Published: Wed 31 Aug 2016 11:55 AM
Wednesday 31 August 2016 11:52 AM
Setback for Ruataniwha scheme as Forest & Bird wins appeal against DOC land swap
By Jonathan Underhill
Aug. 31 (BusinessDesk) - The Royal Forest & Bird Protection Society has won an appeal against a proposed land swap by the Department of Conservation which would have allowed 22 hectares of Ruahine Forest Park be flooded as part of the Ruataniwha Water Storage Scheme that will provide irrigation for farmers.
In a majority decision released today, the Court of Appeal overturned a High Court ruling that the director-general of conservation, Lou Sanson, was entitled to revoke the conservation status of the land that lay within the footprint of the proposed reservoir, allowing it to be flooded in exchange for a larger area of land with conservation value. In the High Court, Forest & Bird had challenged the DOC chief's right to "trade away" conservation estate land held for recreational purposes under the Conservation Act for the benefit of commercial interests.

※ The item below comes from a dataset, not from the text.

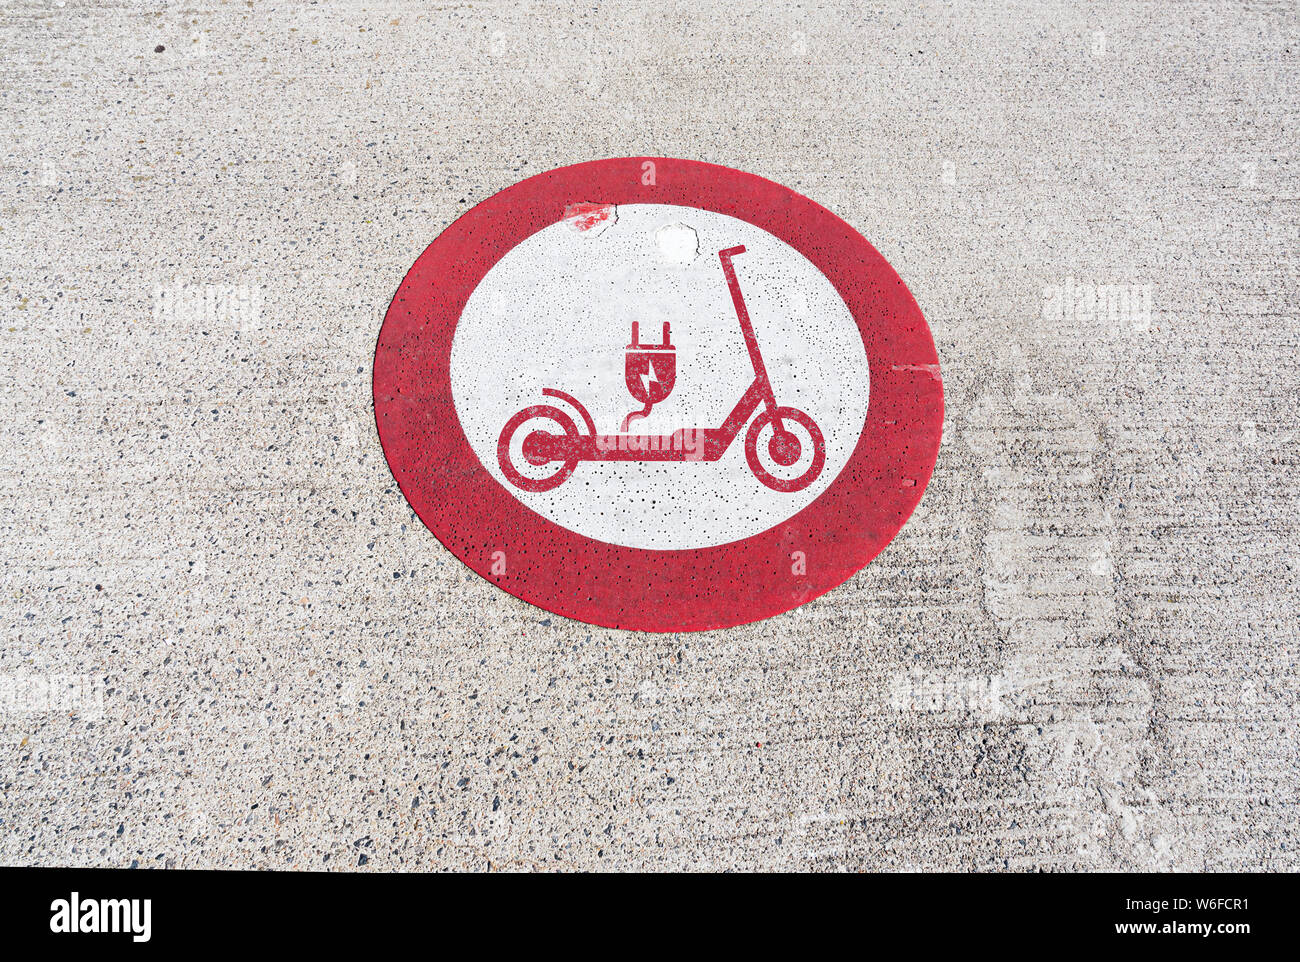 no electric scooters allowed prohibition sign on road pavement, e-scooters banned Stock Photo
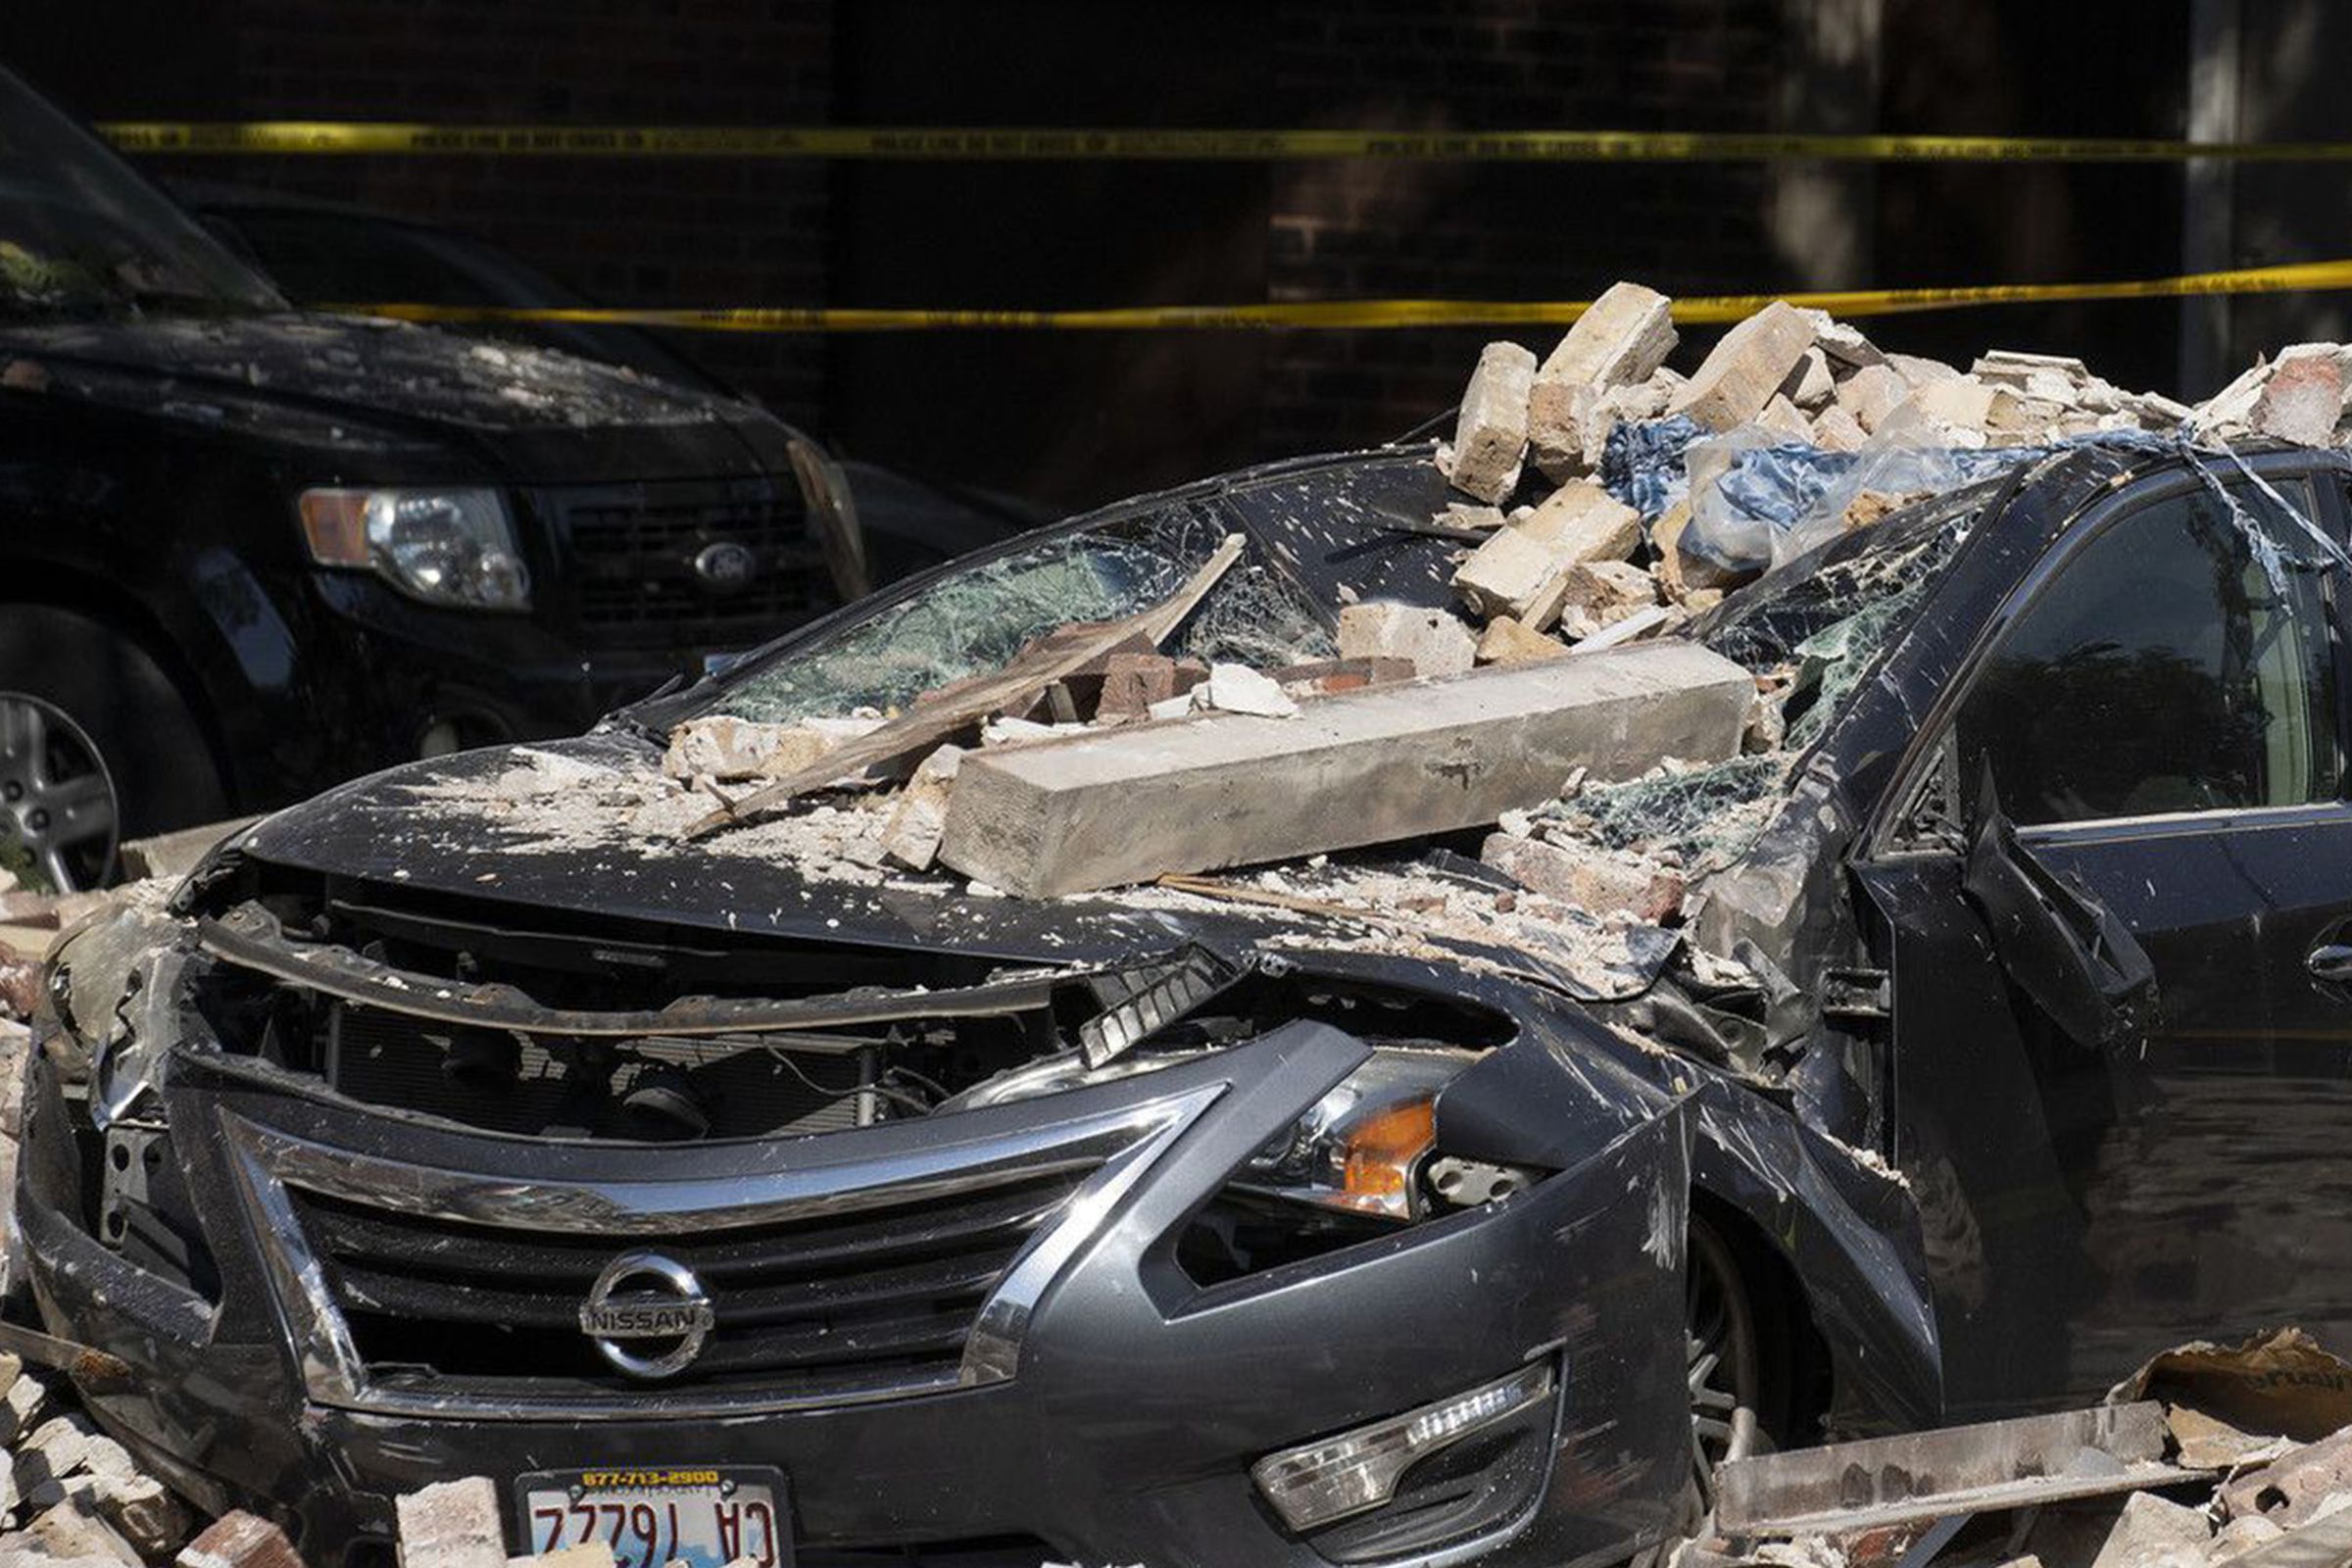 A Chicago firefighter checks a crushed car at the scene where a four-story building partially collapsed due to an explosion on Chicago’s West Side on Tuesday, Sept. 20, 2022.

"The principal issue under appeal was whether the decision to revoke the classification was done in accordance with the law," Justices Helen Winkelmann and Rhys Harrison said in the majority judgment. "The majority of the court found that under the Act the director-general would have had to be convinced in his assessment that the intrinsic values of the land in question were no longer worth permanent protection as envisaged by the Act. He was not entitled, as the High Court had ruled, to base his decision on a broad assessment of the merits of the proposed land swap for the conservation estate as a whole."
The court directed Sanson to set aside his decision and reconsider the application of the second respondent in the appeal, Hawke's Bay Regional Investment Co.
The third member of the appeal bench, Ellen France would have dismissed the appeal for the reasons given in Justice Matthew Palmer's High Court ruling, which rejected the environmental group's challenge, finding that the decision was within the broad purpose of the Conservation Act.
Last October, Sanson said he had approved the land swap because it amounted to "a net gain for conservation" of about 170 hectares of private land containing beech forest and regenerating native bush, in return for 22 ha of the Ruahine Forest Park. He described the 22 ha block as having previously been heavily logged, and "partly infested with weeds such as willow and Darwin’s barberry".
But Forest & Bird lawyer Sally Gepp said at the time that allowing this decision to stand could set a precedent and mean that any part of New Zealand’s specially protected conservation land could be traded away "and the special values of the land removed to advance commercial interests."
The $275 million water scheme, backed by the Hawke's Bay Regional Council's investment arm, would create a 93 million cubic metre reservoir to store water in the upper Makaroro river to improve river flows for agricultural use in the Tukituki River catchment. It's estimated it would provide irrigation for 25,000 hectares of farm land in central Hawke's Bay.